Start of Given data
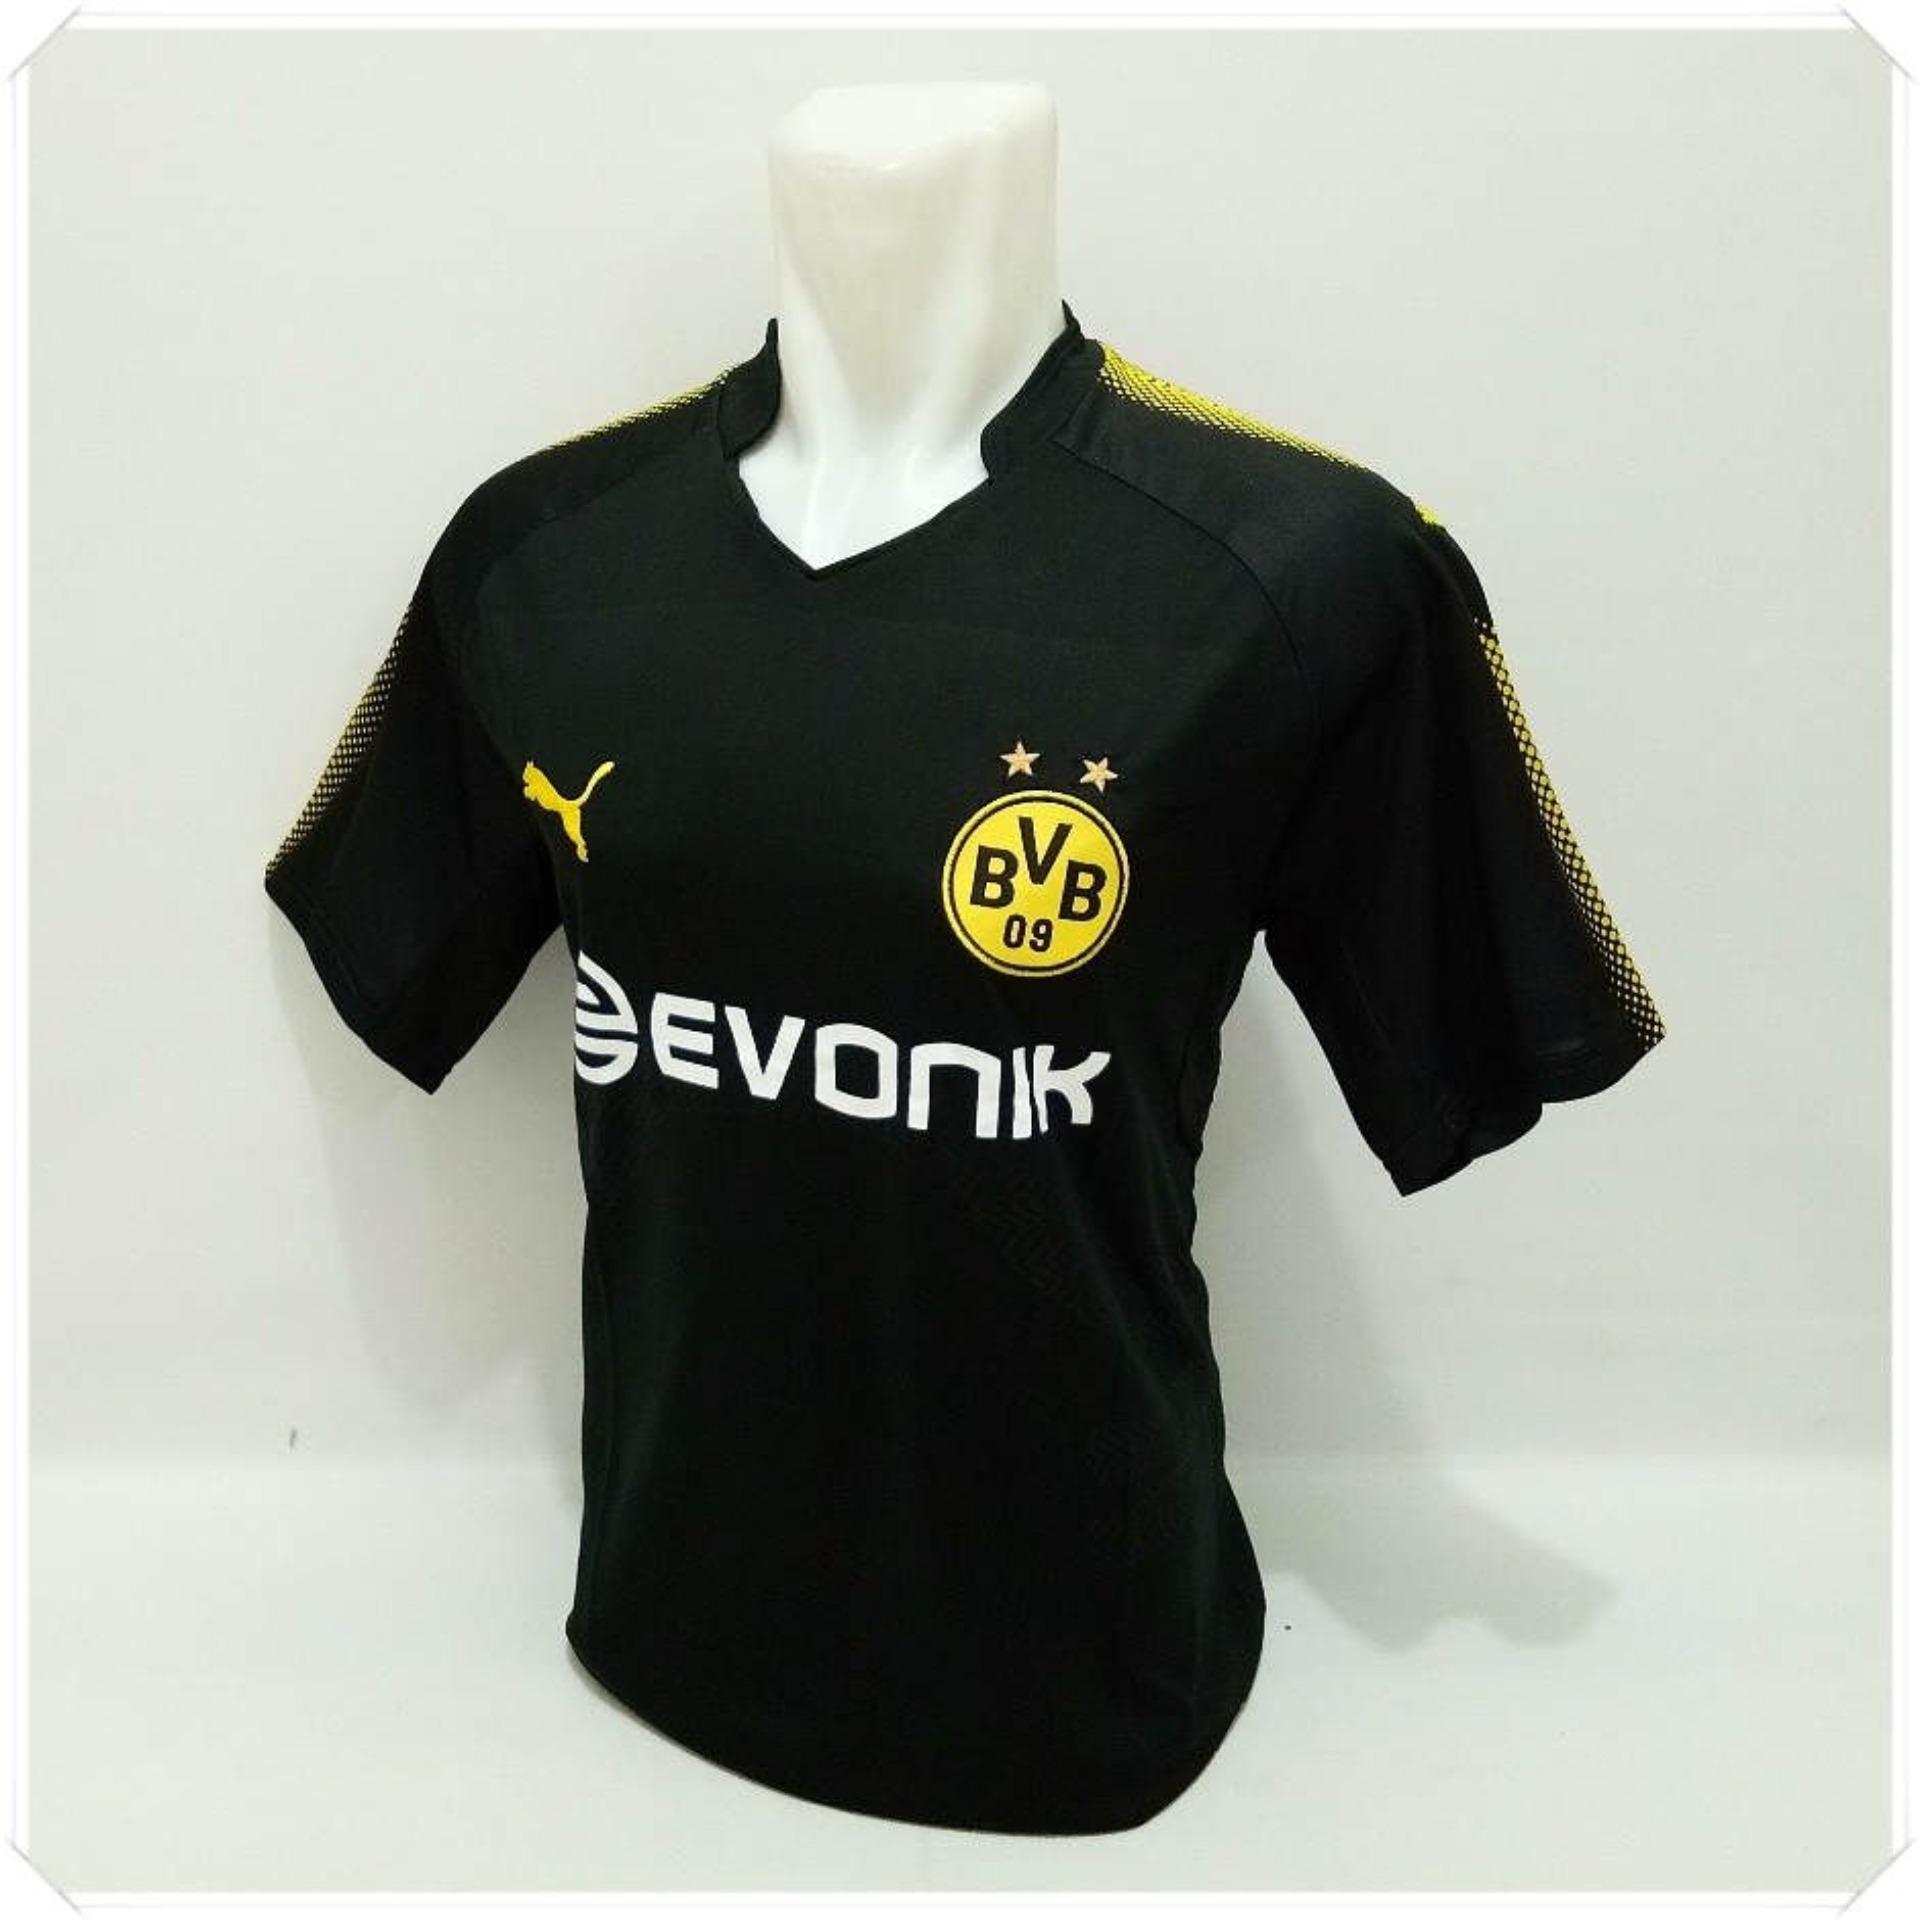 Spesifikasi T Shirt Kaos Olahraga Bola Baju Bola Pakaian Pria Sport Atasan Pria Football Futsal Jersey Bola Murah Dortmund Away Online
End of Given data
Start of Given data
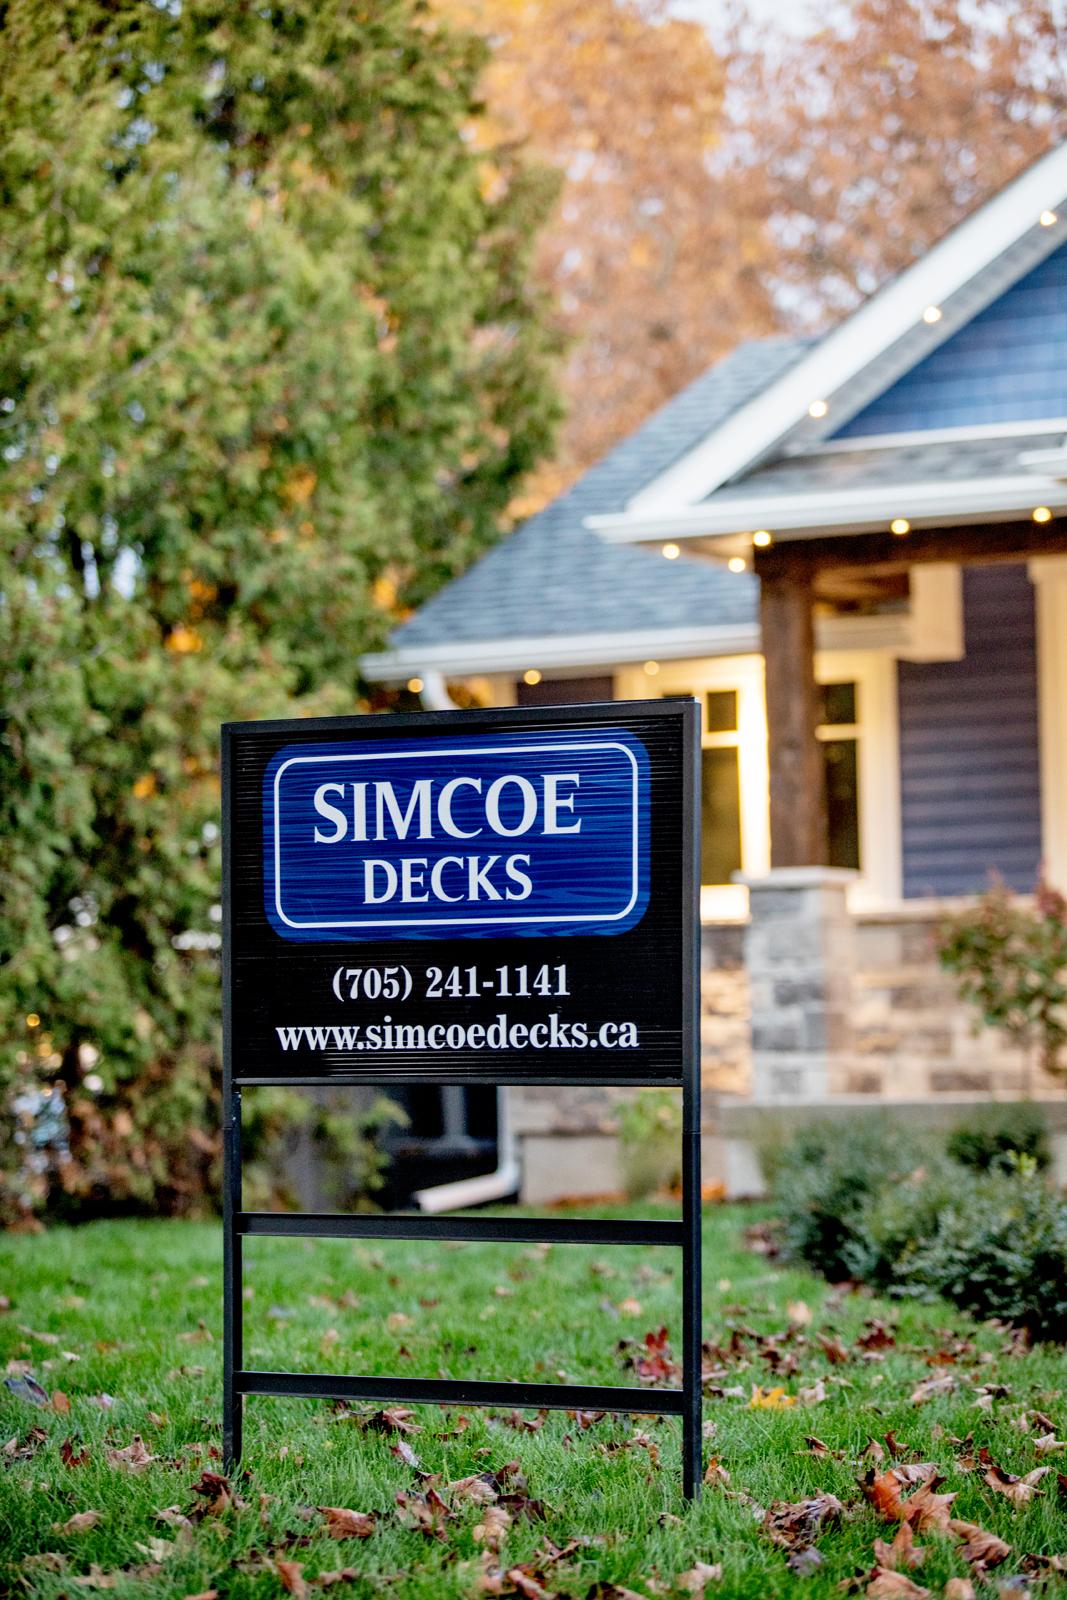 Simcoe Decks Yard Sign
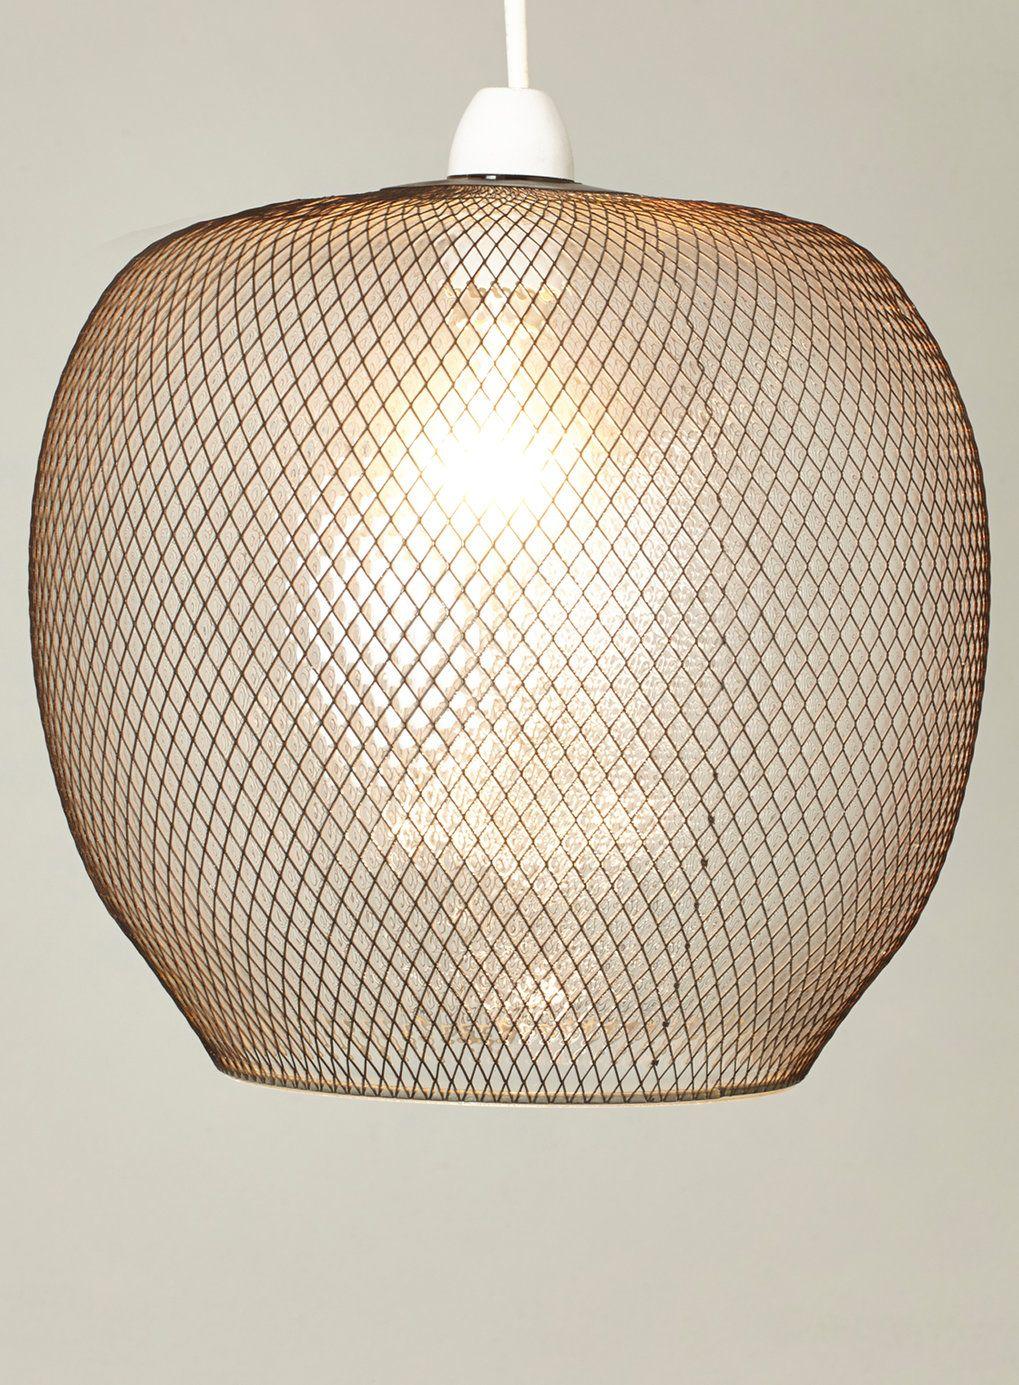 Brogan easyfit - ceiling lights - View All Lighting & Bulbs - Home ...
End of Given data
* _Work item_: In the data above, take the line with "Simcoe Decks Yard Sign", the line with "Brogan easyfit - ceiling", and every line between, and set them down exactly without pictures.

* _Written answer_:
 Simcoe Decks Yard Sign
 Brogan easyfit - ceiling lights - View All Lighting & Bulbs - Home ...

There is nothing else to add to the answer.